У Тамары был роман с одним из «пятьдесят восьмых», жившим в камере над нами и работавшим в сапожной мастерской, окошечко которой выходило в прогулочный двор. Тамара садилась на скамейку возле окна. Всю прогулку шел страстный любовный разговор. Тамара разыгрывала из себя возвышенную натуру. После одной из Прогулок — оглушив нас громоподобным матом, достигнув этим абсолютной тишины и сверкнув глазами, — она пообещала, что в живых не оставит того, кто скажет этому человеку, что она не из «пятьдесят восьмых», а урка. Мы и так не собирались это делать. Вечером на нитке из верхней камеры спускалось любовное письмо. Тамара сначала читала его про себя, а потом, захлебываясь от восторга, всей камере. У этого человека были несомненные литературные способности.
А литовки — тихие молодые девушки, ничего не понимавшие по-русски, сидели кружком на нижних нарах и пели молитвы. Однажды блатнячки очень уж раскричались и разодрались. Тамара, которая по праву считала себя предводителем камеры, а, следовательно,
и блюстителем порядка, — вскочила на скамейку, разразилась ругательствами, красочно охарактеризовавшими дерущихся, и кончила приказом — не мешать молиться! В наступившей тишине литовки снова мелодично и однообразно запели.
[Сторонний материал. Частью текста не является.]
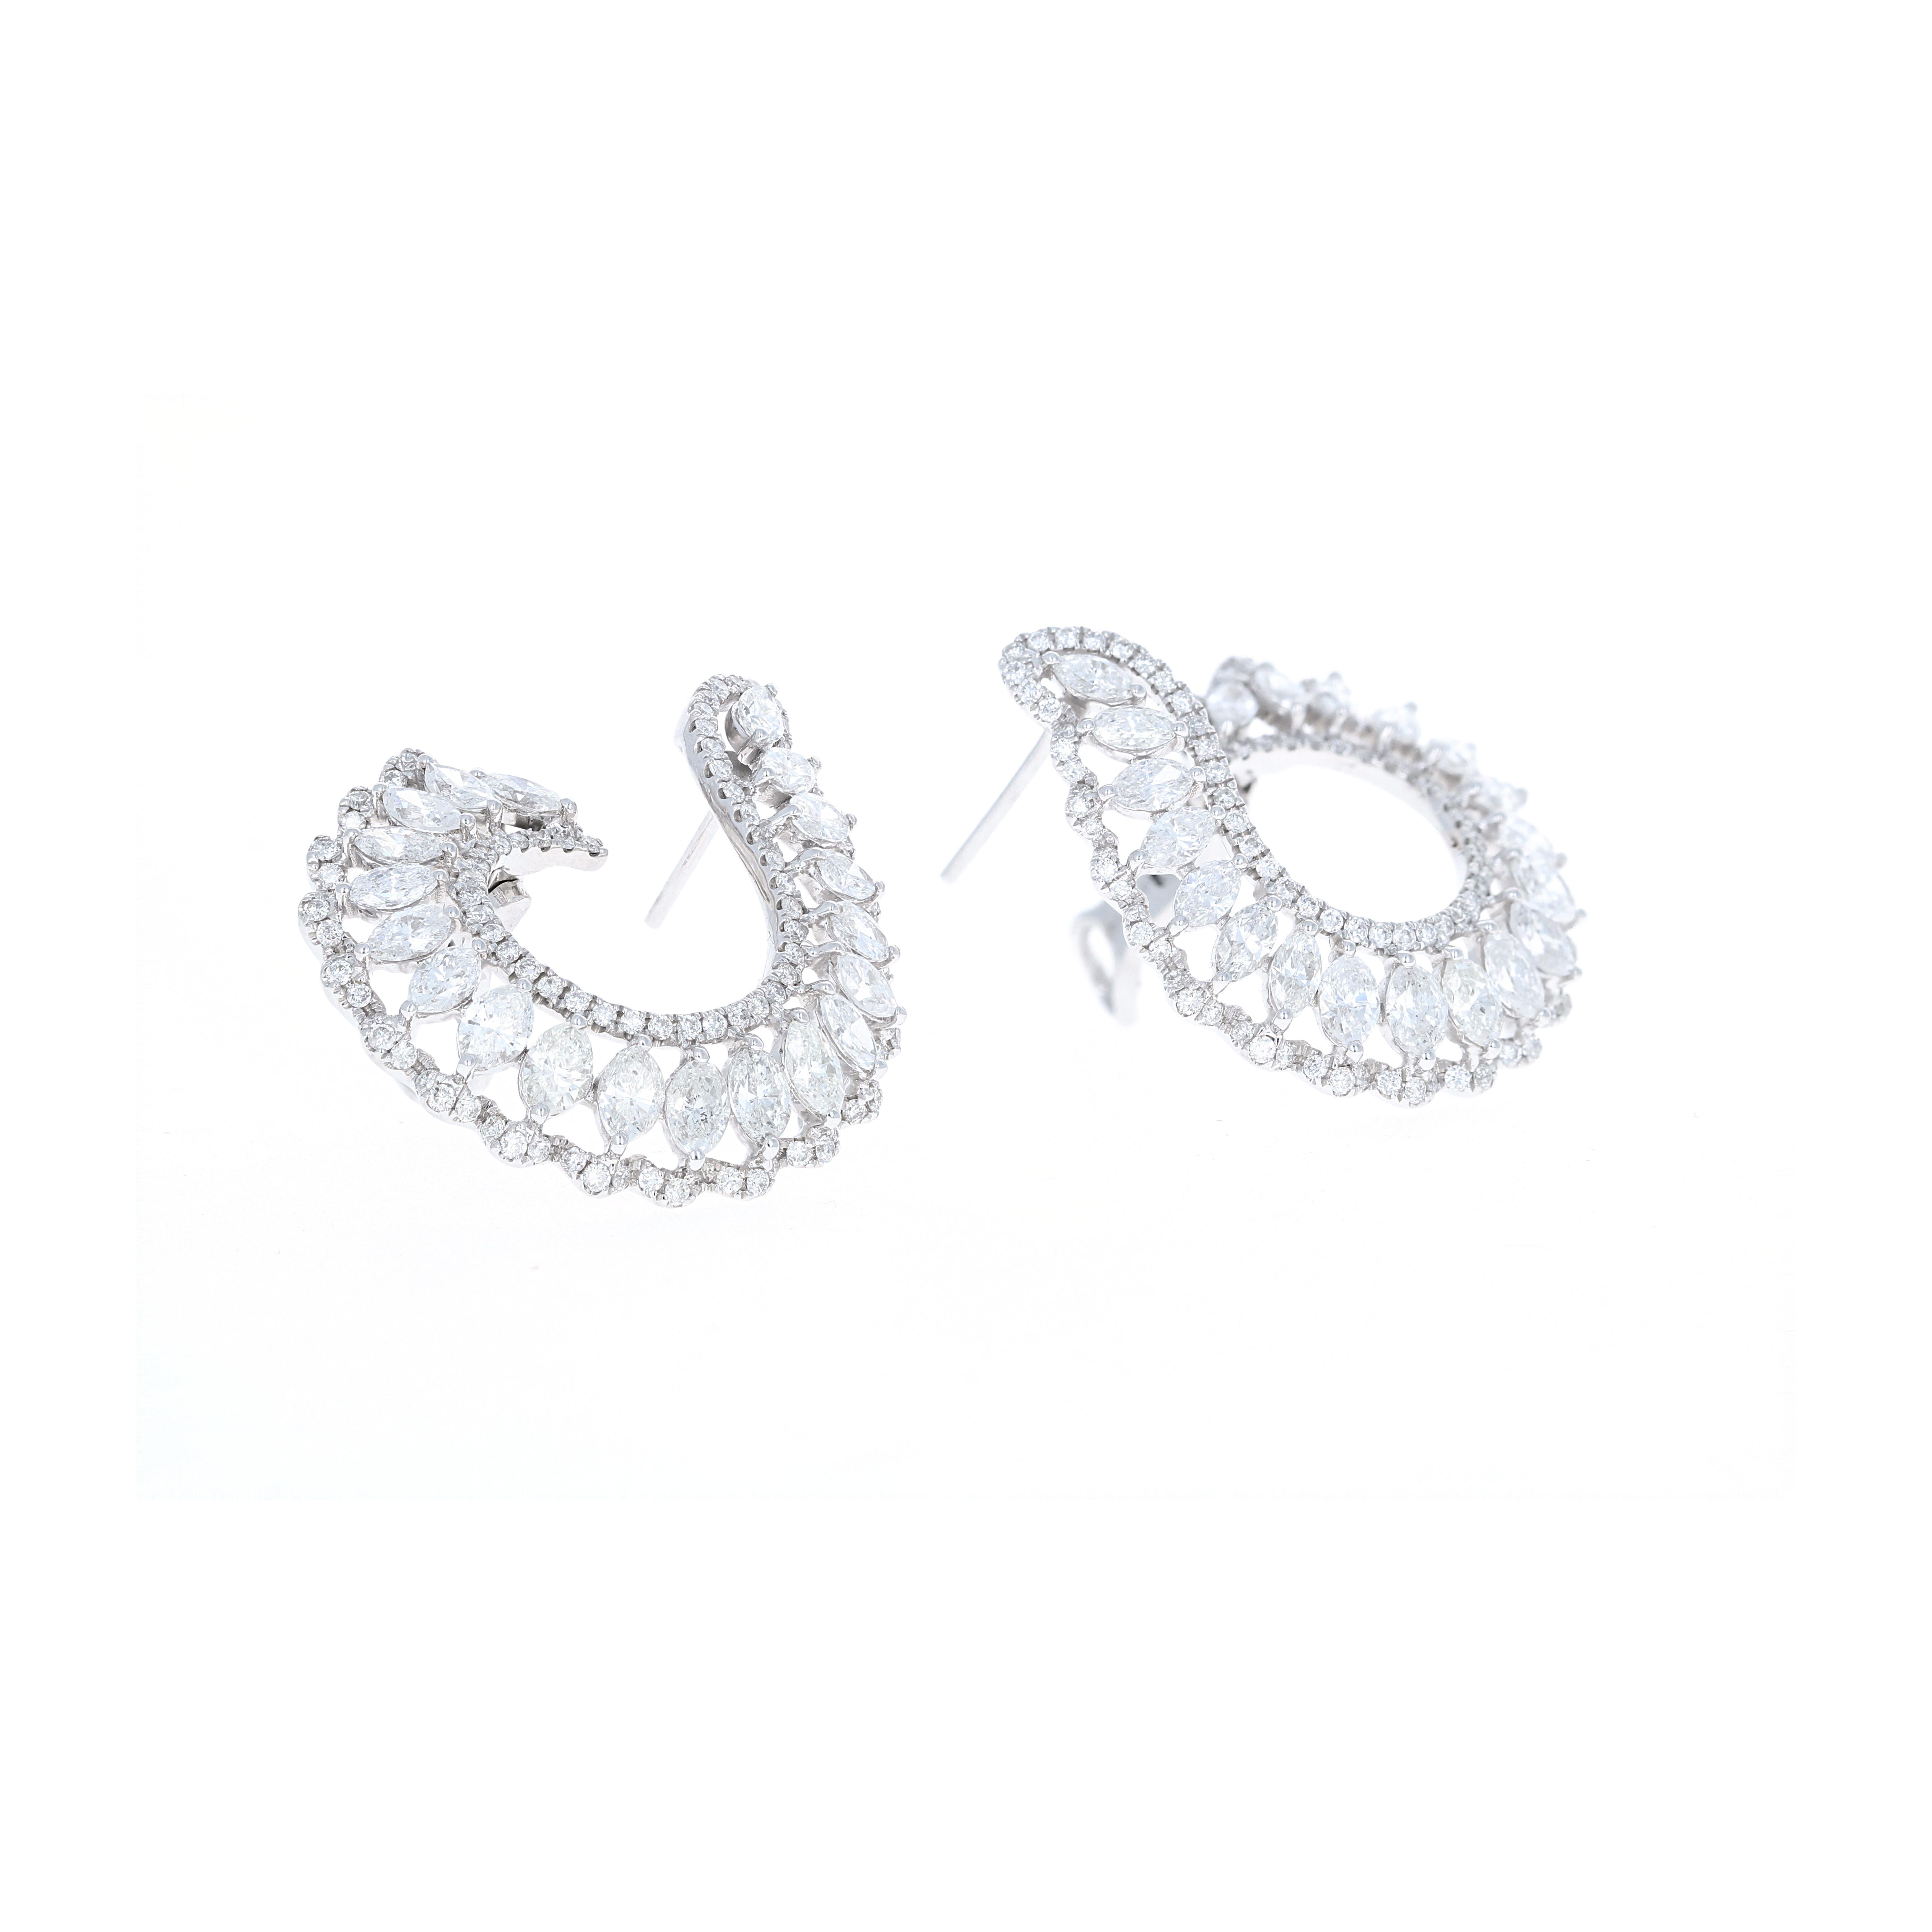 These stunning 18 karat white gold diamond hoop earrings are beautifully made and easy to wear. They have a total weight of 5.11 carats in diamonds. The diamonds are round and marquise shape. There are 206 round brilliant diamonds and 40 marquise

Но вот меня вывели в этапную камеру. Там были только повторницы. У всех было много вещей — одна я была налегке. Неожиданно открылась дверь, была названа моя фамилия, и я получила чемодан, полный вещей и продуктов! Стала стучать, прося разрешить свидание, считая, что тетя Зина сама привезла вещи в Ленинград и сама, со своей стороны, добивается свидания. Так оно и было, но находящимся в этапной камере, свидания не дают. Опять я осталась в неизвестности, где мама.
Не только чемодан, но и все вещи в нем были новыми, только что, по-видимому, купленными тетей Зиной. Хотя бы одна вещь из прежней жизни — ничего. Значит, наш дом полностью рухнул. В этапный двор я вышла с распухшими от слез глазами.
Народу было много — все вместе — даже немецкие военнопленные. Я сразу объединилась с очень приятной старой эстонкой-акушеркой. Обращал на себя внимание высокий человек, раздраженно ходивший взад и вперед. Я совершенно не запомнила его лица — моему воображению сразу представилась клетка, а в ней загнанный волк. Обозленный был человек. Услышав эстонскую речь, подошел к нам. Представился — доктор Мардна. Знал мою маму. Сказал, что нам троим надо держаться вместе — не пропадем: врач, медсестра и акушерка. Забегая вперед, должна сказать, что этого не получилось. В Красноярской тюрьме, выведенные во двор для дальнейшего этапирования, мы видели в окне ближайшей камеры Мардна. Опять мне запомнился волк. Он крикнул, что врачей рассылают по разверстке и он не знает — куда его.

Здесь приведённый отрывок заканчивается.